11.         It is not an arguable error of law for an Immigration Judge to give too little weight or too much weight to a factor, unless irrationality is alleged. Nor is it an error of law for an Immigration Judge to fail to deal with every factual issue of argument. Disagreement with an Immigration Judge’s factual conclusion, his appraisal of the evidence or assessment of credibility, or his evaluation of risk does not give rise to an error of law. Unless an Immigration Judge’s assessment of proportionality is arguable as being completely wrong, there is no error of law, nor is it an error of law for an Immigration Judge not to have regard to evidence of events arising after his decision or for him to have taken no account of evidence which was not before him. Rationality is a very high threshold and a conclusion is not irrational just because some alternative explanation has been rejected or can be said to be possible. Nor is it necessary to consider every possible alternative inference consistent with truthfulness because an Immigration Judge concludes that the story is untrue.
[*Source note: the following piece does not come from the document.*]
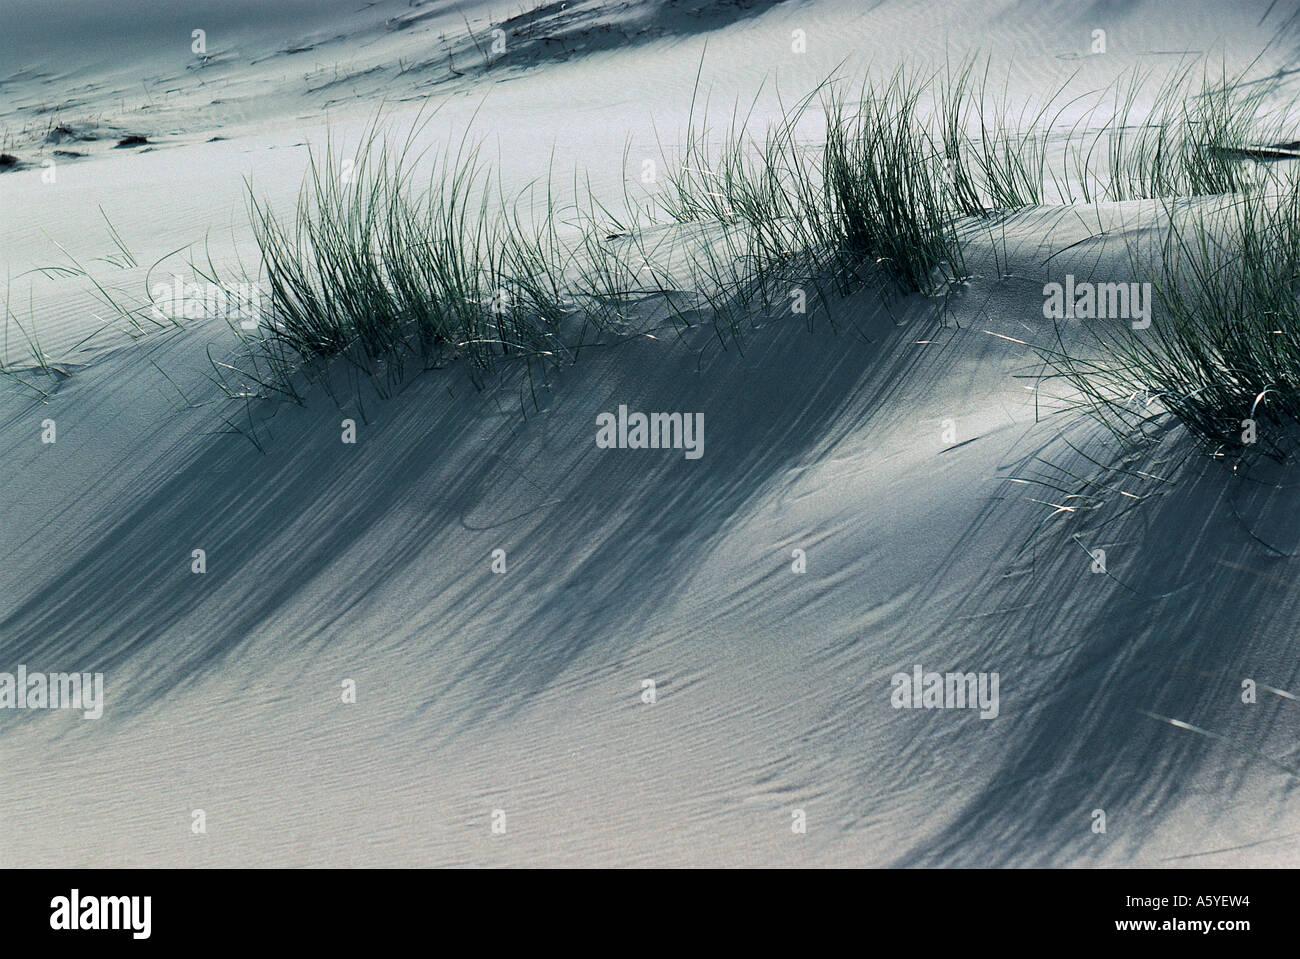 Marram grass (Ammophilia arenaria) on white sand dunes, Amrum Island, Germany - Stock Image

If a point of evidence of significance has been ignored or misunderstood, that is a failure to take into account a material consideration.

Findings on Error of Law

12.         I have some sympathy with the position in which the First-tier Tribunal Judge found himself as all he had before him were the papers and he did not have the benefit of oral submissions or any other additional documents that might have been provided had the Appellant instructed solicitors. Having said that there are two specific factors which of themselves constitute material errors of law. Firstly the judge has failed to spot that removal directions have been issued by the Secretary of State. He has dismissed the appeal without even giving due reference to it. He should have done and that is a material error of law. Certainly it would have been appropriate for him to set aside the removal directions in the present circumstances. Secondly following Alarape it is incumbent for a First-tier Tribunal Judge to address whether or not an Appellant was entitled to an EU right of residence under Article 12 of Regulation 1612/68 and such circumstances in law apply in this case and it would have been appropriate for the judge to have looked at this on his own motion and his failure to do so amounts to a material error of law.
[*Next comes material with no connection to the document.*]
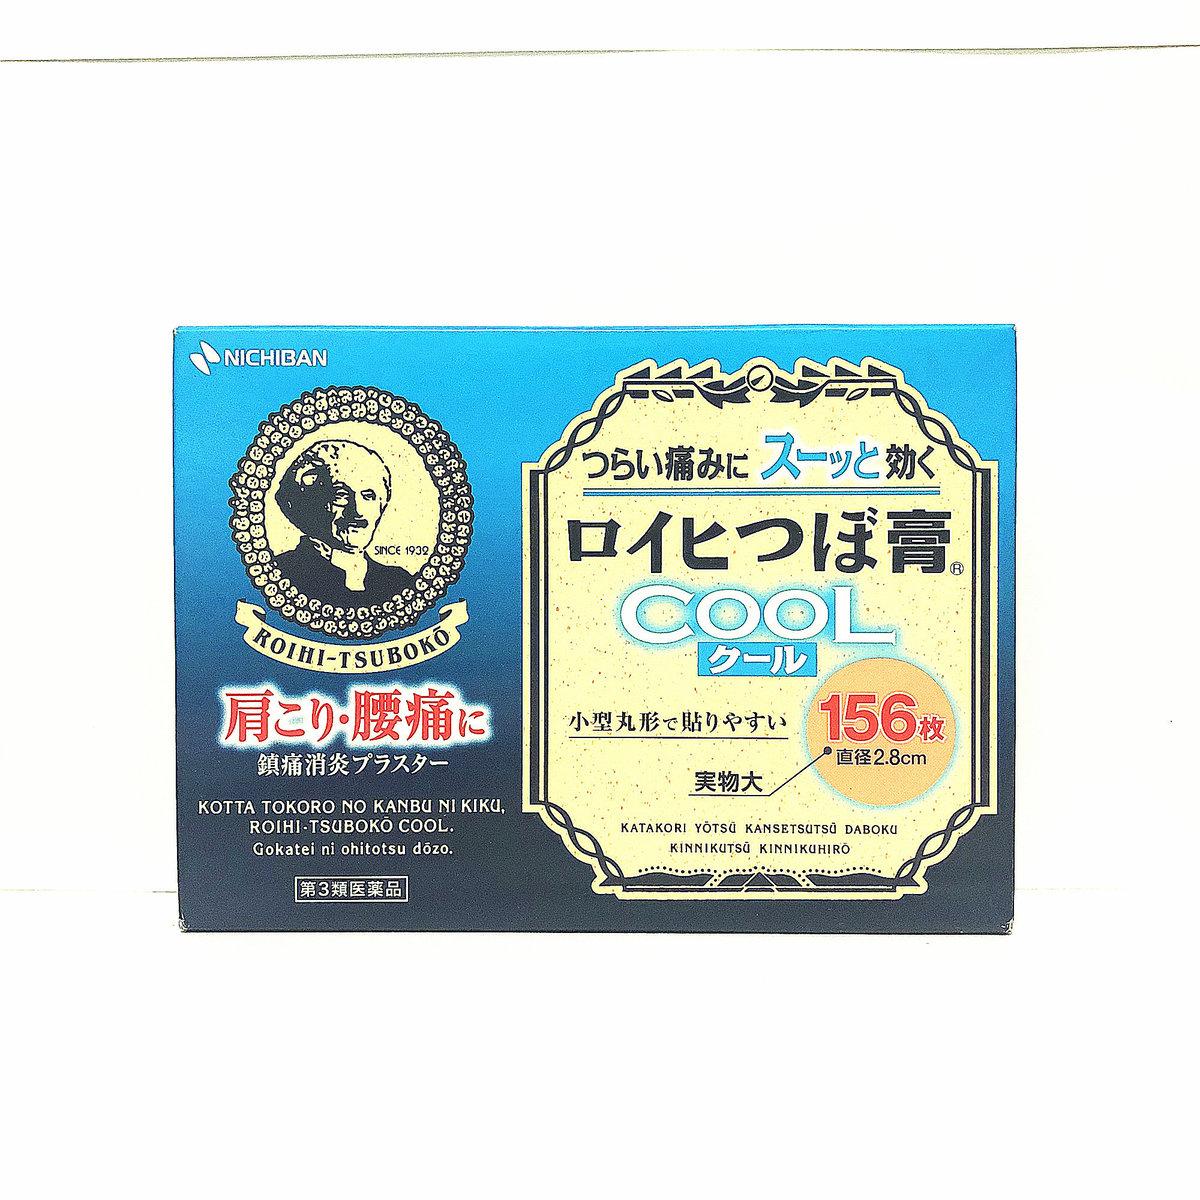 Japan roihi-tsuboko cold shoulder pain back pain patch 156 sticks

Findings on Remaking of the Decision

13.         It is appropriate therefore to look at the factors in this appeal as at today’s date. Mr Harrison advises he has no further representations to make. It is accepted by the Secretary of State in the Notice of Refusal that the Appellant’s husband was exercising treaty rights and that he has been in employment since 2011. A bundle of documents was before the First-tier Tribunal Judge including wage slips and contracts of employment. The judge had the benefit of a statement of the main terms of employment that the Appellant’s husband Mr Schestowitz held with Sirius Corporation Limited, wage slips showing clearly that there would be no recourse to public funds by the Appellant and a letter from Sirius confirming that the Appellant’s husband is a permanent full-time member of staff and has been employed with the company since 24th February 2011.
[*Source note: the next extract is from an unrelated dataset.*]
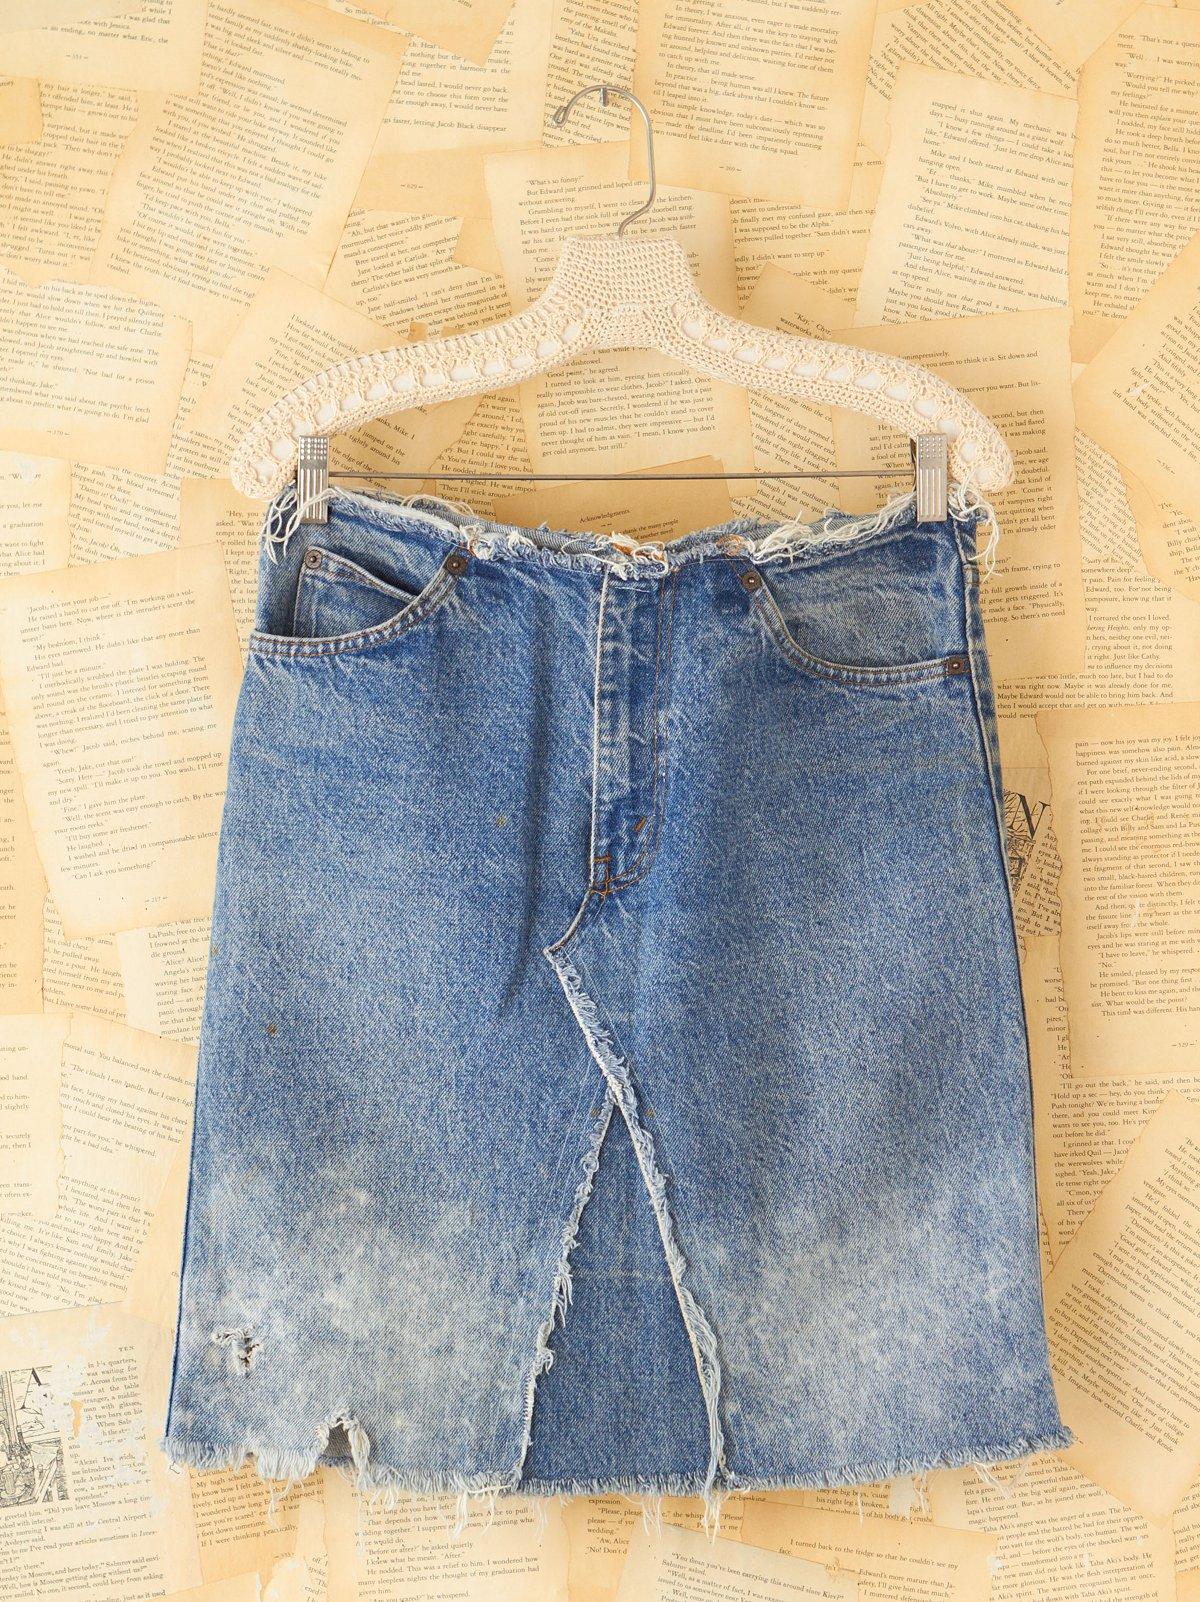 Vintage Frayed Denim Skirt

14.         All the Appellant needs to show is that at the present time Dr Schestowitz is exercising treaty rights. He is employed as a support engineer by Sirius. He is exercising treaty rights and documentation is available to show this. In such circumstances the Appellant’s appeal is allowed under the Immigration (European Economic Area) Regulations 2006.

Decision

15.         The decision of the First-tier Tribunal contained a material error of law and is set aside. The decision is remade allowing the appeal of the Appellant under the Immigration (European Economic Area) Regulations 2006.

16.         The First-tier Tribunal did not make an order pursuant to Rule 45(4)(i) of the Asylum and Immigration Tribunal (Procedure) Rules 2005. No application is made to vary that order and none is made.